Some of the best-remembered encryption debates of the 1990s were about the Clipper chip and the export controls that hampered our software industry from competing globally. I remember them vividly as they were all in my issue portfolio as a staffer for then-Senator Ashcroft. But during the same time another vital debate was underway—whether it would continue to be legal for U.S. citizens to use encryption software when sending email or to protect information on their PC.
The FBI fought for years to weaken encryption, including a long-standing proposal to force citizens to store their decoder “key” in a way that the government could access it and retrieve the encrypted material. In effect the FBI argued that you could lock your house so long as FBI agents had a key to enter. Big government even wanted to force encryption software developers to include a “back door”—a means by which the government could circumvent the encryption protections. It was as if government bureaucrats wanted a secret door built into your house, and unknown to you, so they could enter at will without alerting you. All pretty creepy stuff, but creepy, counterproductive and dangerous stuff that Congress stopped because of the potential for exploitation by government, criminals or terrorists.
During the debates the NSA (National Security Agency) never appeared as interested, which seemed odd, but now we have headlines that explain why: The NSA has been injecting weaknesses into NIST (National Institute of Standards and Technology) standards, and otherwise acting on a less-than-constitutional basis, for years. The NSA has done virtually everything that Congress thought it stopped. That it did so is abhorrent.
The result is the NSA has weakened security for all of us. In its Big Brother quest to gain access to all of our information the agency has bullied, hacked and deceived its way to having a backdoor into encryption.

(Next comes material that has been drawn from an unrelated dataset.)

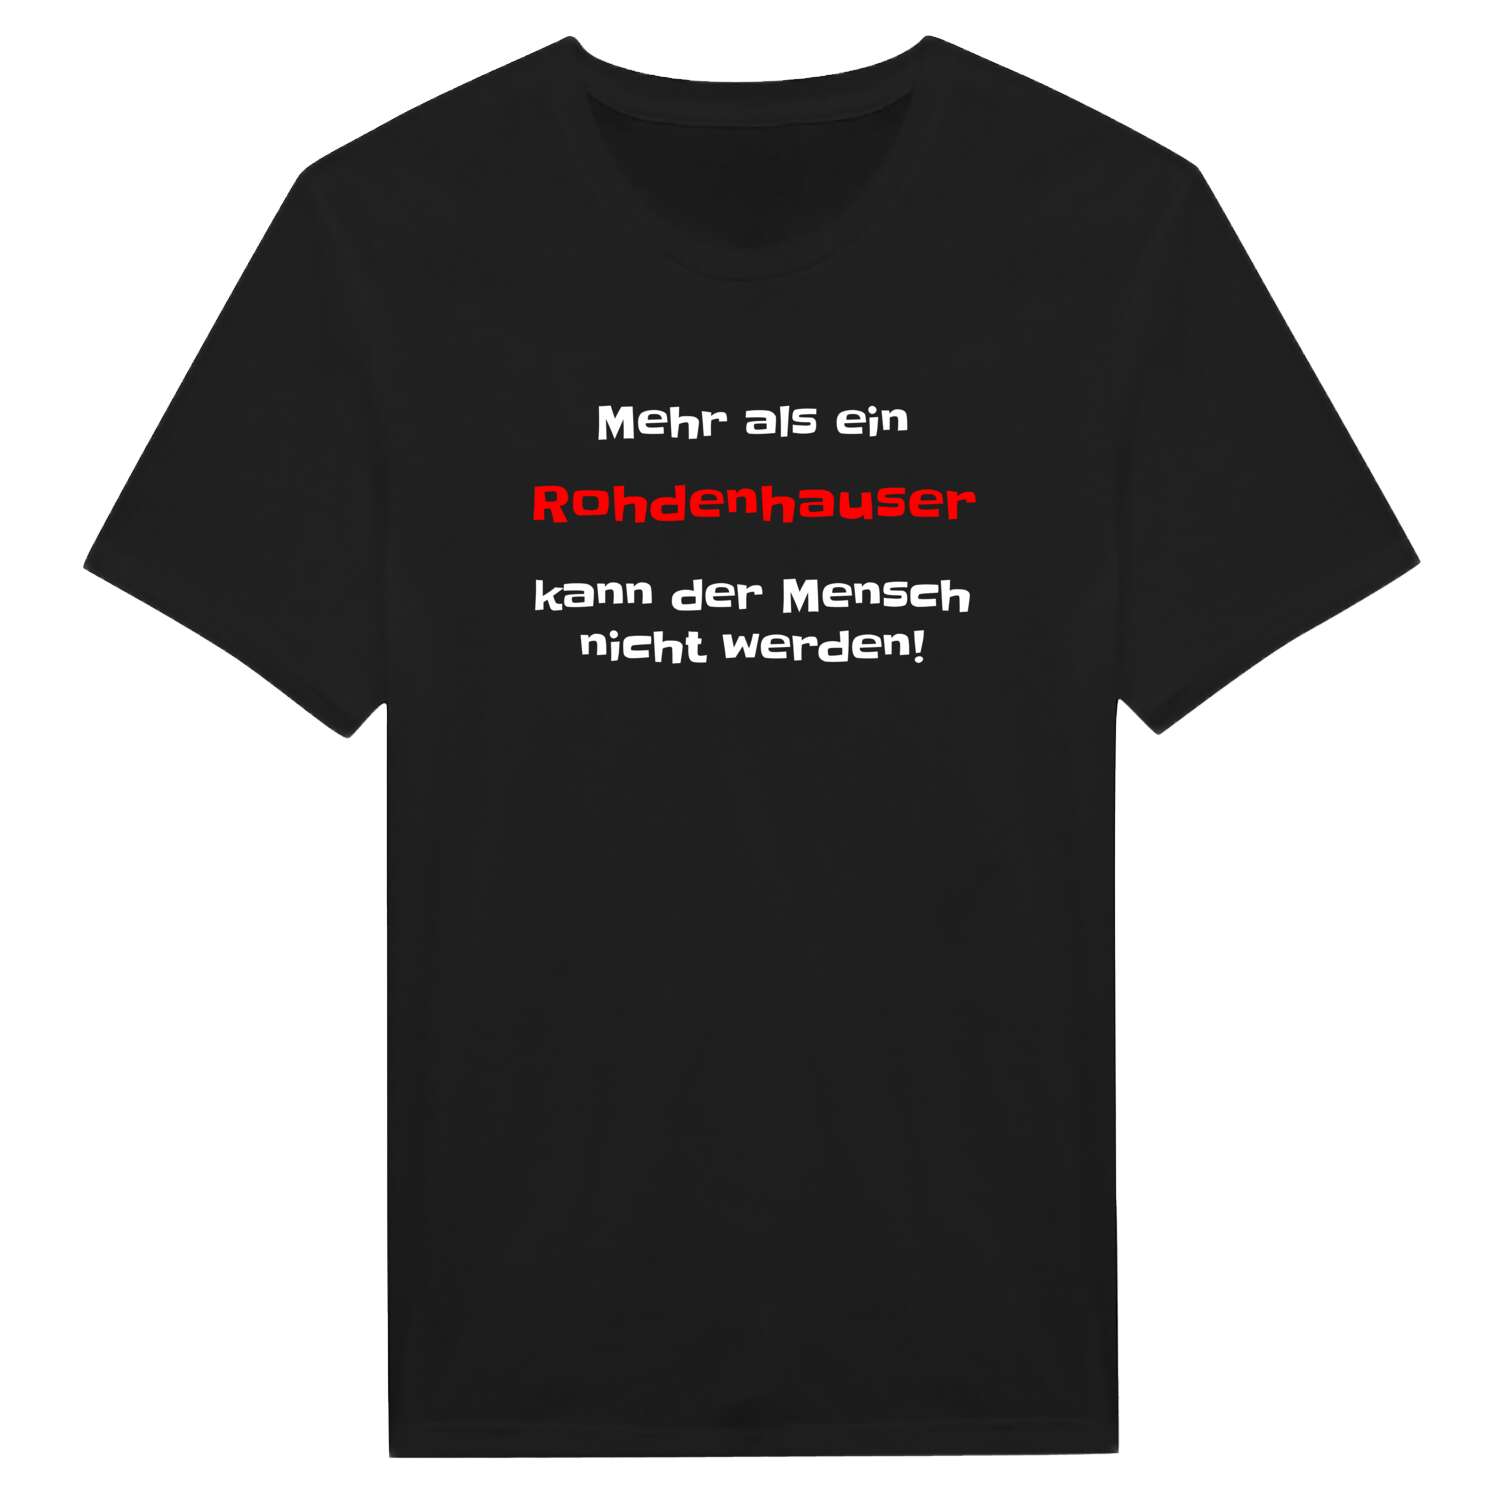 Rohdenhaus T-Shirt »Mehr als ein«
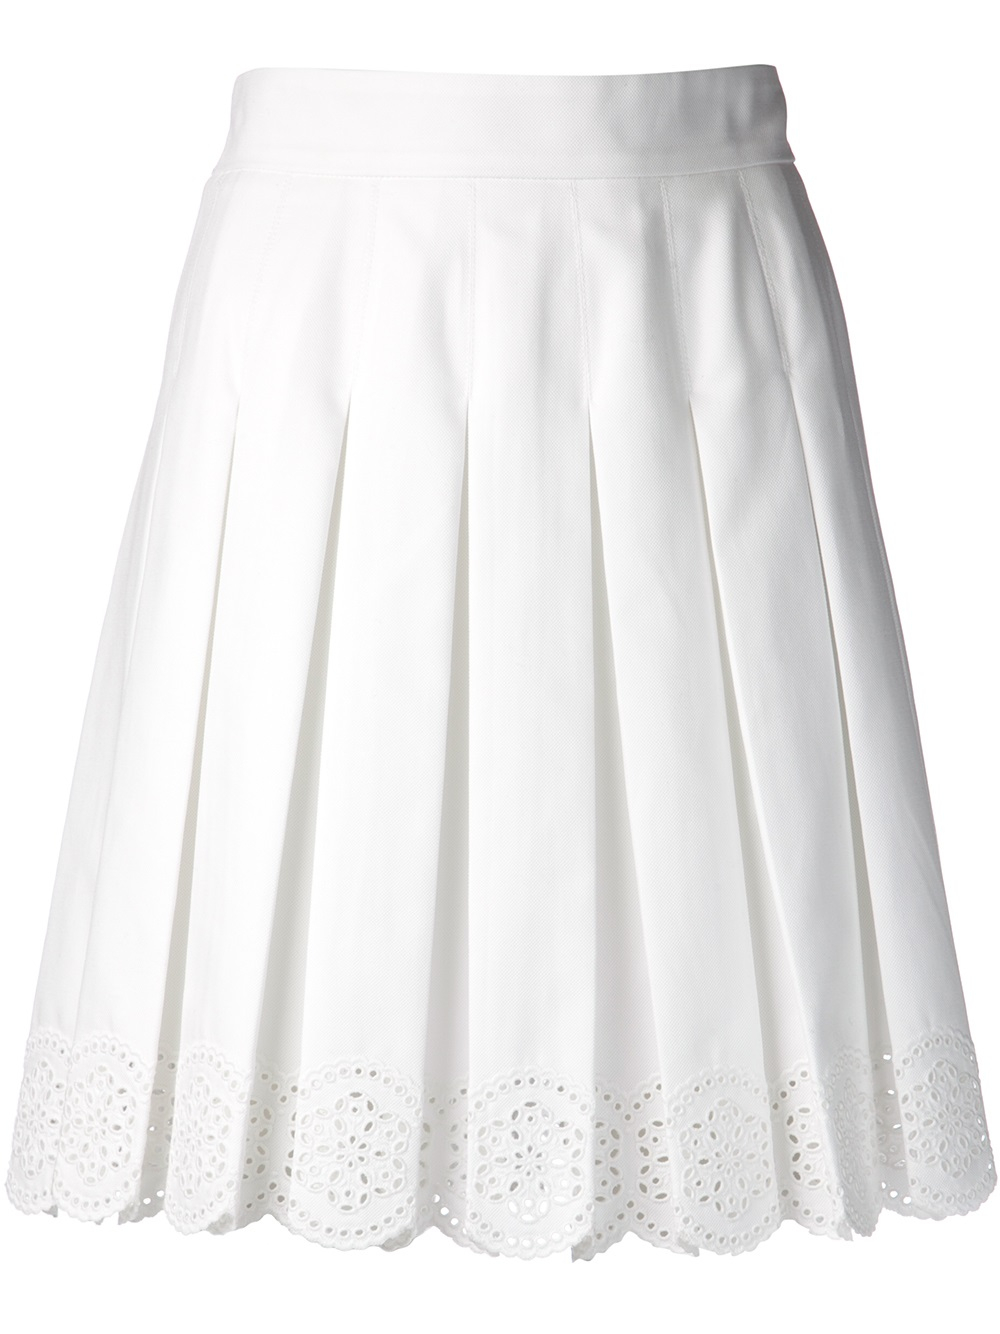 Lyst - Alexander mcqueen Eyelet Skirt in White

Building vulnerabilities into all encryption means that all encryption now has vulnerabilities—weaknesses just waiting to be exploited by those who wish to do us harm. They know they only need to look to find the weakness.
The British were aware of the risk of such foolishness. But as the New York Times reports, the NSA ignored the concern and risked our safety anyway, “But the agency was concerned that it could lose the advantage it had worked so long to gain, if the mere ‘fact of’ decryption became widely known. ‘These capabilities are among the Sigint community’s most fragile, and the inadvertent disclosure of the simple “fact of” could alert the adversary and result in immediate loss of the capability,’ a GCHQ document warned.”
So in the end, the NSA has lost the capability it improperly gained, and U.S. citizens have lost more liberties.